Recorded data ->
>>>>>

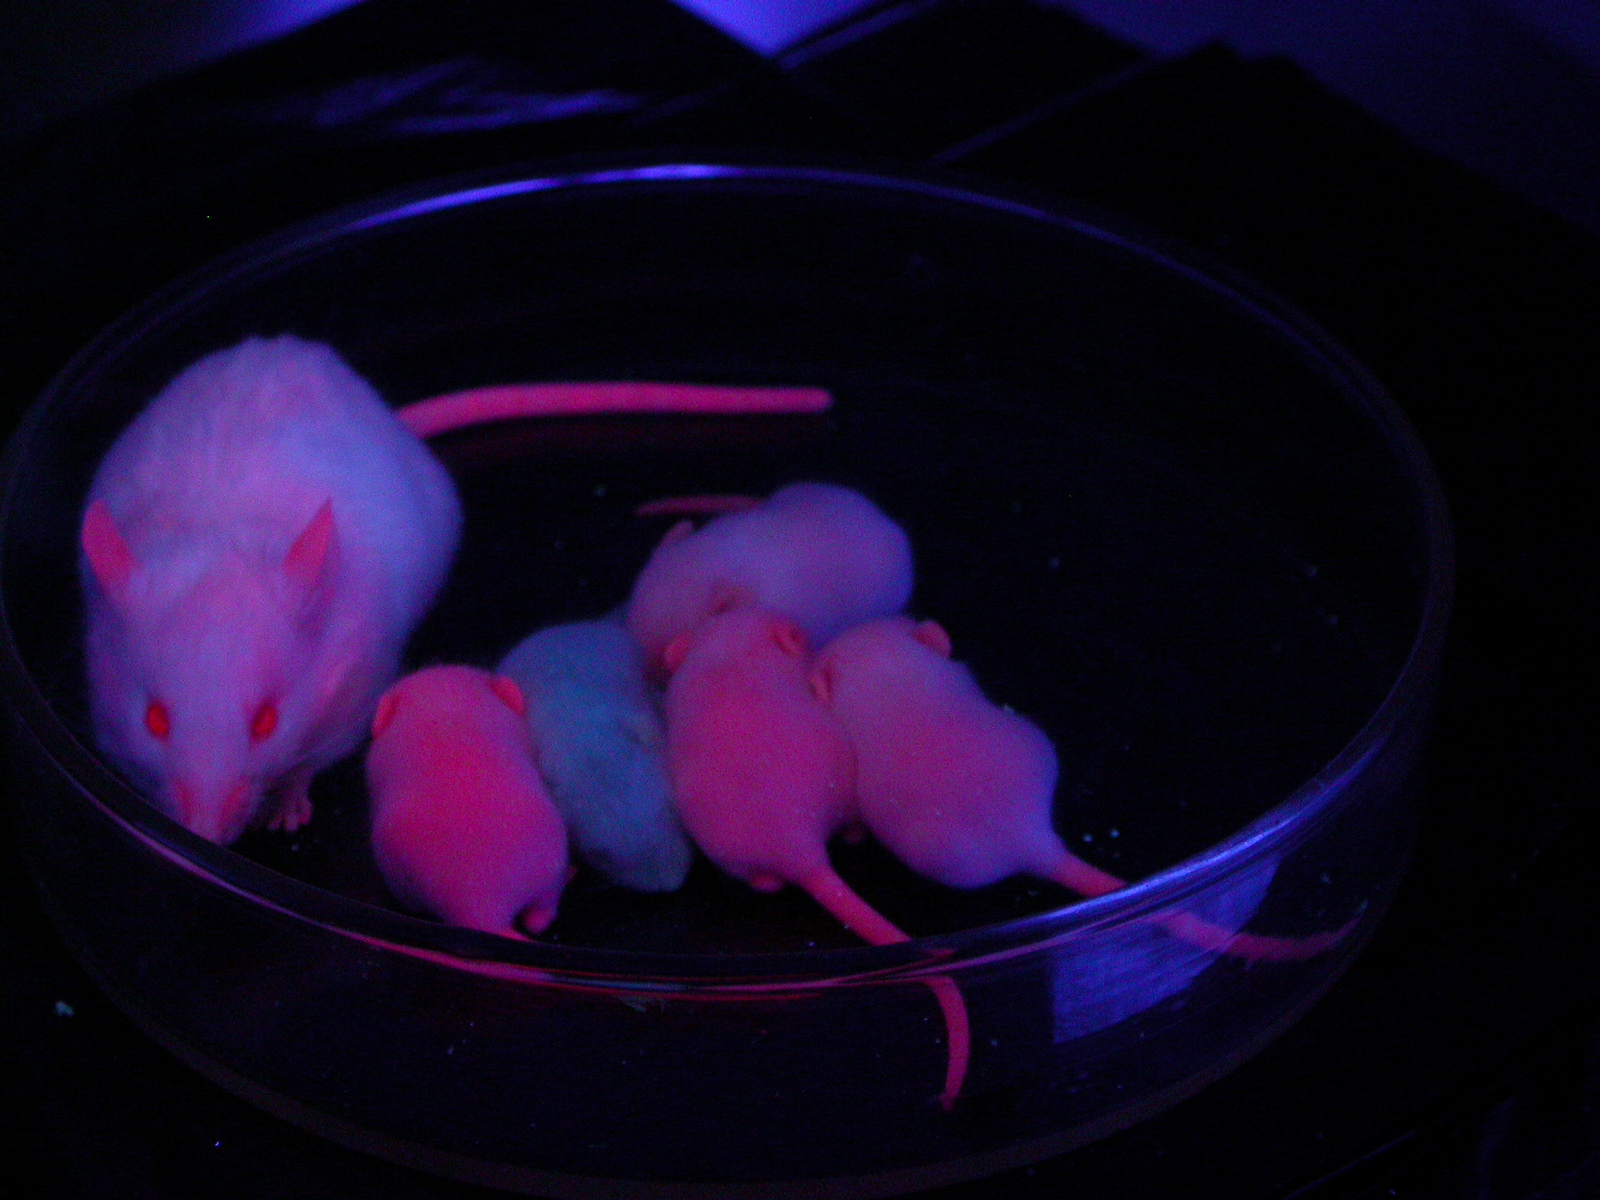 A female mouse and her pups. The mother carried a piggyBac transgene expressing red fluorescent proteins.
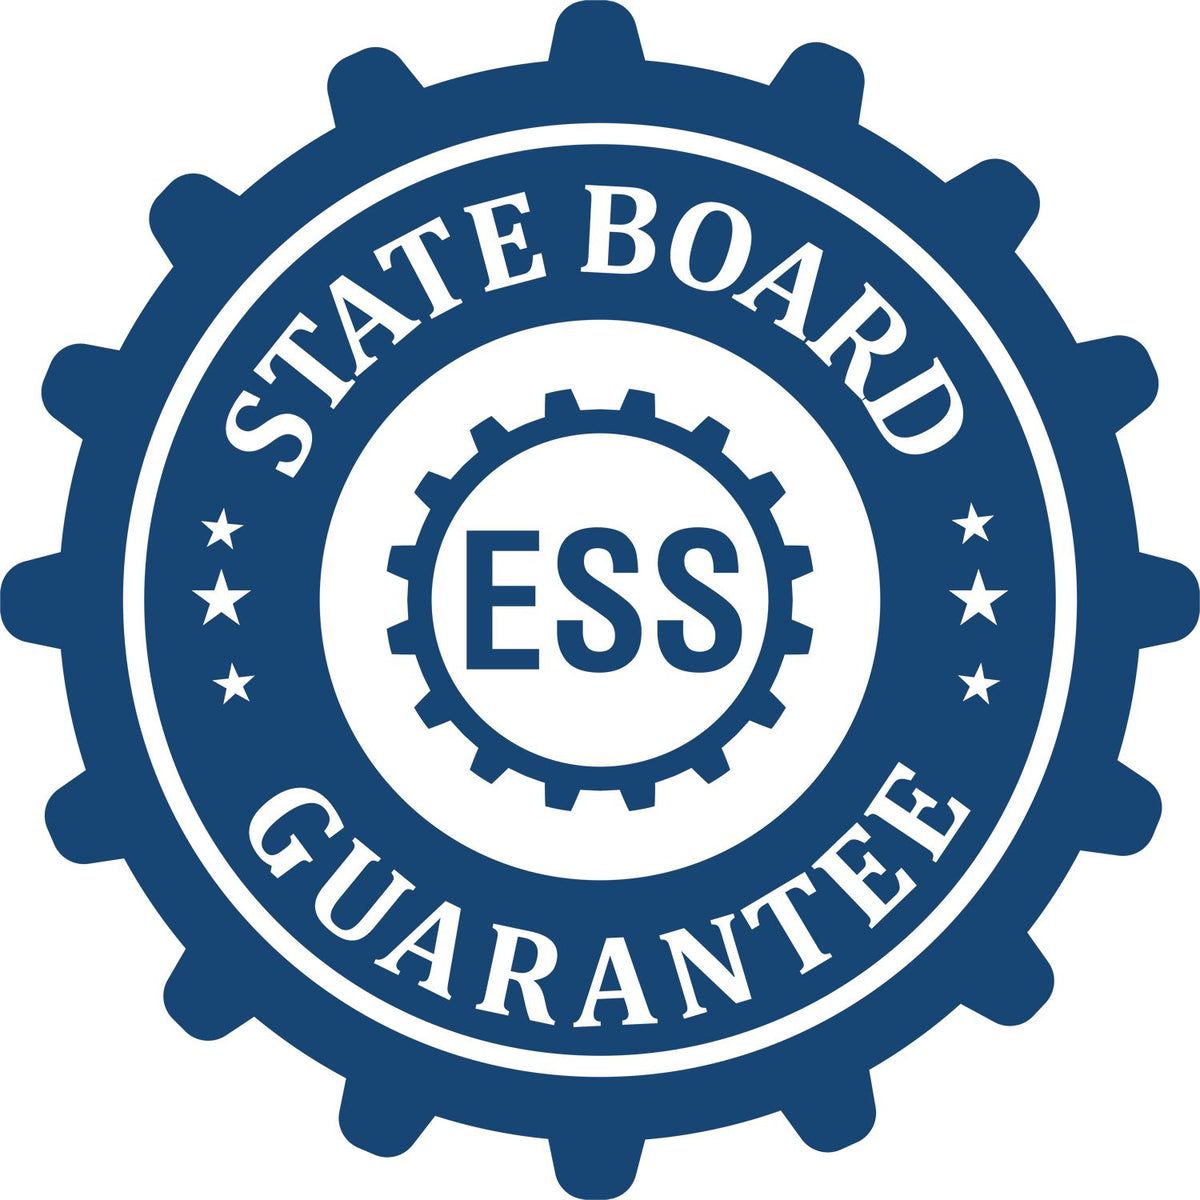 An emblem in a gear shape illustrating a state board guarantee for the State of North Dakota Long Reach Architectural Embossing Seal product.
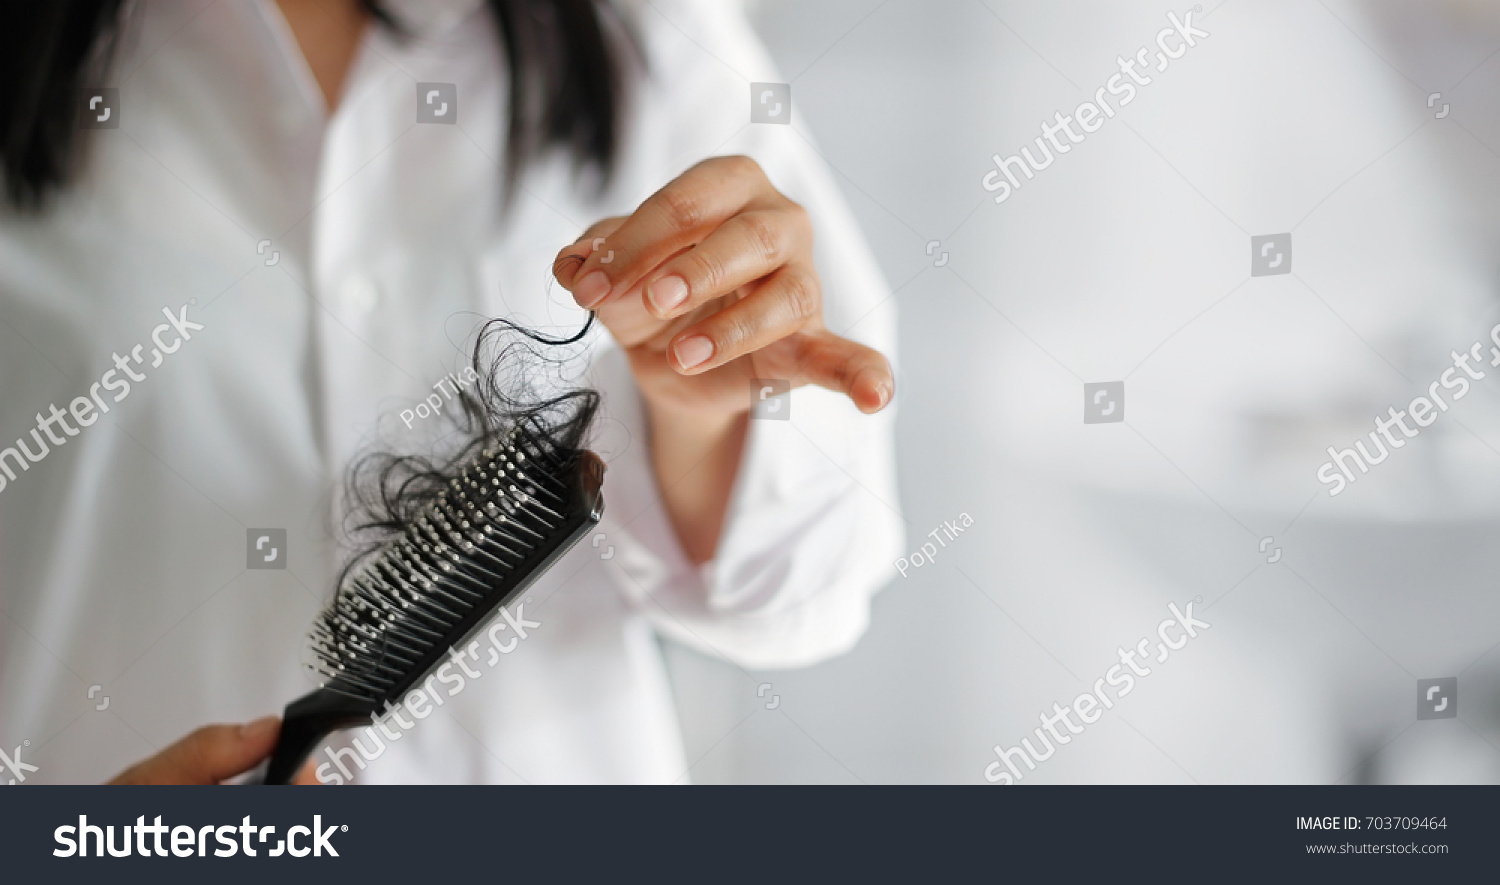 woman losing hair on hairbrush in hand, soft focus #703709464

<<<<<

Task details -> Retype only the lines above from the one with "An emblem in" through the last, both ends included, keeping every picture out of the copy.

Final answer ->
 An emblem in a gear shape illustrating a state board guarantee for the State of North Dakota Long Reach Architectural Embossing Seal product.
 woman losing hair on hairbrush in hand, soft focus #703709464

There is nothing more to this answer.